ANNE VE BEBEĞİNİ HAYATA GERİ GETİRDİK
Kitapta 2003 yılı Aralık ayında Antalya'da meydana gelen sel felaketinde yaşadıkları ve unutamadıkları bir anıyı da paylaştığını aktaran Yılmaz Sevgül, o günü şöyle anlattı:
"2003 yılında Akdamlar seli belki Antalya'da son yıllardaki en büyük sel felaketlerinden biri. Orada kurtarmaya dayalı bir olay var. Bir vatandaş yanımızda telefonla konuşuyor ve eşine 'Sakın evden çıkmayın' diyor. Ama kadın ısrarla evden çıkmak istiyor, 'Artık evi terk edeceğim sel suyu evi bastı' diyor. Anladım ki bir kriz yaşanıyor. Kadın kundaktaki bebeğiyle dışarı çıkacak ama çıktığı anda da ölecek. Ben telefonu aldım 'Biz sizi kurtaracağız' dedim. Gece 9-10 gibi inanılmaz bir sağanak var, fiziki koşullar inanılmaz sert, kışın ortasındayız, hepimiz üşüyoruz ve böyle bir krizle karşı karşıyayız. Sonra arkadaşlarla toplandık, inanılmaz bir sel yatağı var önümüzde ve onu geçmek neredeyse imkansız. Gecenin bir vakti böyle bir karar alıp selin ortasında kalmış bir evden anne ve bebeği almak zorundayız. Tabi kendi hayatımızı ortaya koyarak bunu yapmak zorundayız. Sonraki dönemlerde biz o konuları tartıştığımızda şöyle yorumladık; 'Eğer biz anne ile o bebeği oradan almasaydık, hayatımızın sonuna kadar orada kalabilirdik.' 'Acaba bir şey yapabilir miydik?' sorusuyla karşılaşmamak için o gece onu yapmak zorundaydık ve yaptık. Sonuçta eğitimlerimiz, tatbikatlarımız bizi güçlü yaptı. Neticede biz o hazırlıkları yapmasaydık, kararlı davranmazdık. O eğitimler ve çalışmalar bize 25 yaşındaki anne ve bebeğini hayata geri getirmeyi sağladı."

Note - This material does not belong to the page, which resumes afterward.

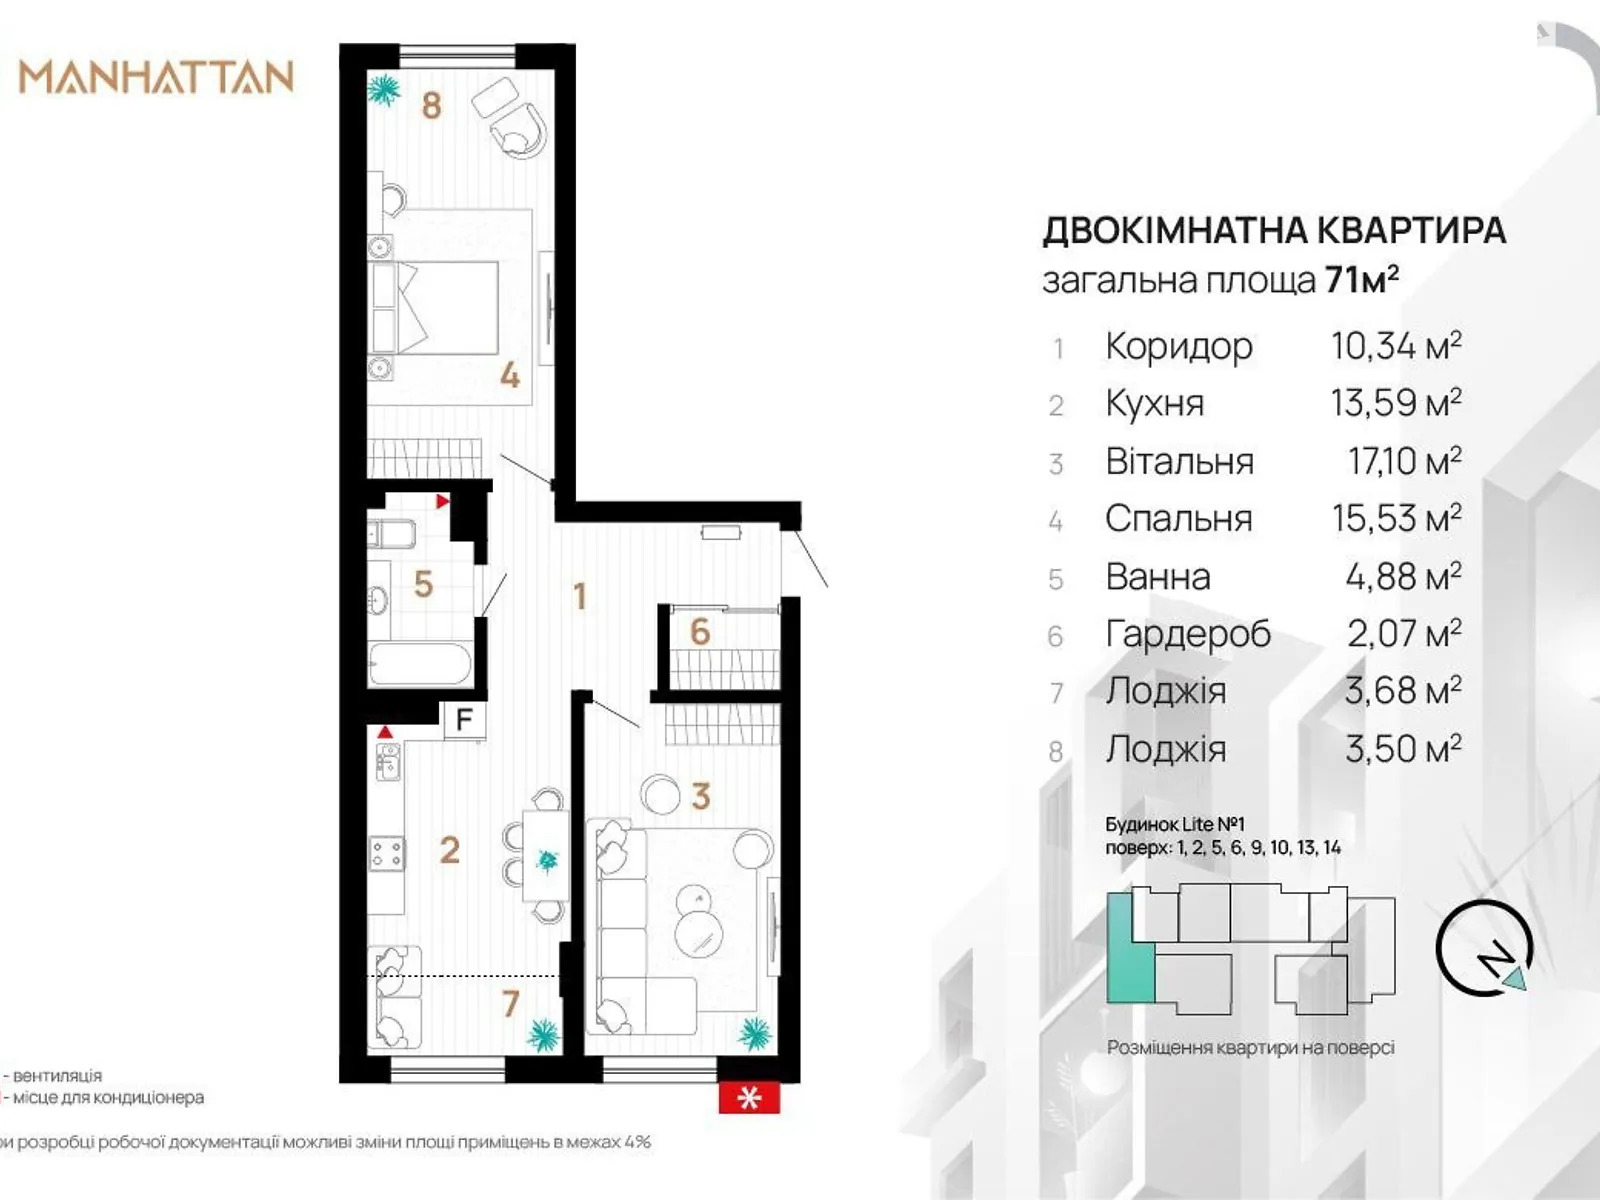 Продается 2-комнатная квартира 73.4 кв. м в Ивано-Франковске, цена: 67600 $

OPERASYON DÖNÜŞÜ KAZA GEÇİRDİK
Operasyonlar sırasında içsel çatışmalar, yaşamsal kaygılar, geride bekleyenler gibi birçok etkenin işin içine girdiğini vurgulayan Yılmaz Sevgül, kitapta bu çelişkileri de dillendirdiğini belirtti. Bugüne kadar katıldıkları operasyonlarda birçok insanı hayata döndürdüklerini vurgulayan Yılmaz Sevgül, 2000 yılında ise ekip olarak kendilerinin bir kurtarma operasyonuna konu olduğundan bahsetti. 4 kişilik ekiple bir gece kurtarma operasyondan dönüşte 60 metrelik uçurumdan yuvarlandıklarını kaydeden Yılmaz Sevgül, şöyle konuştu:
"Kayalıklarda mahsur kalmış bir vatandaşı kurtardıktan sonra gece dönerken virajlı yolda uçurumdan aşağı gittik. Aracın içinde 4 kişi vardık ve her anını hatırlıyorum. Aracın taklalarını, kafamızı vuruşumuzu, arabanın üst kabininin gitmesi, o gecenin karanlığında büyük bir kaos yaşadık ve 60 metre sonra araba sırt üstü sürüklenerek durdu. İki arkadaşımız arabadan dışarı fırladı ve çok ağır yaralandı. Biz de arabanın içinde sıkışarak kurtarılmayı bekledik. Antalya itfaiyesinden gelen ekipler bizi o arabanın içinden 3- 3.5 saatte çıkardı. Biz hep kahraman değiliz, başımızı belaya da sokabiliriz. Biz de zayıf duruma düşebiliriz. Hepimiz sonuçta insanız, mükemmel değiliz. Bizim hatamız arama kurtarma dışında, trafik kazasında oldu. Ama arama kurtarma operasyonlarında hiç hatamız olmadı, riskli duruma düşmedik."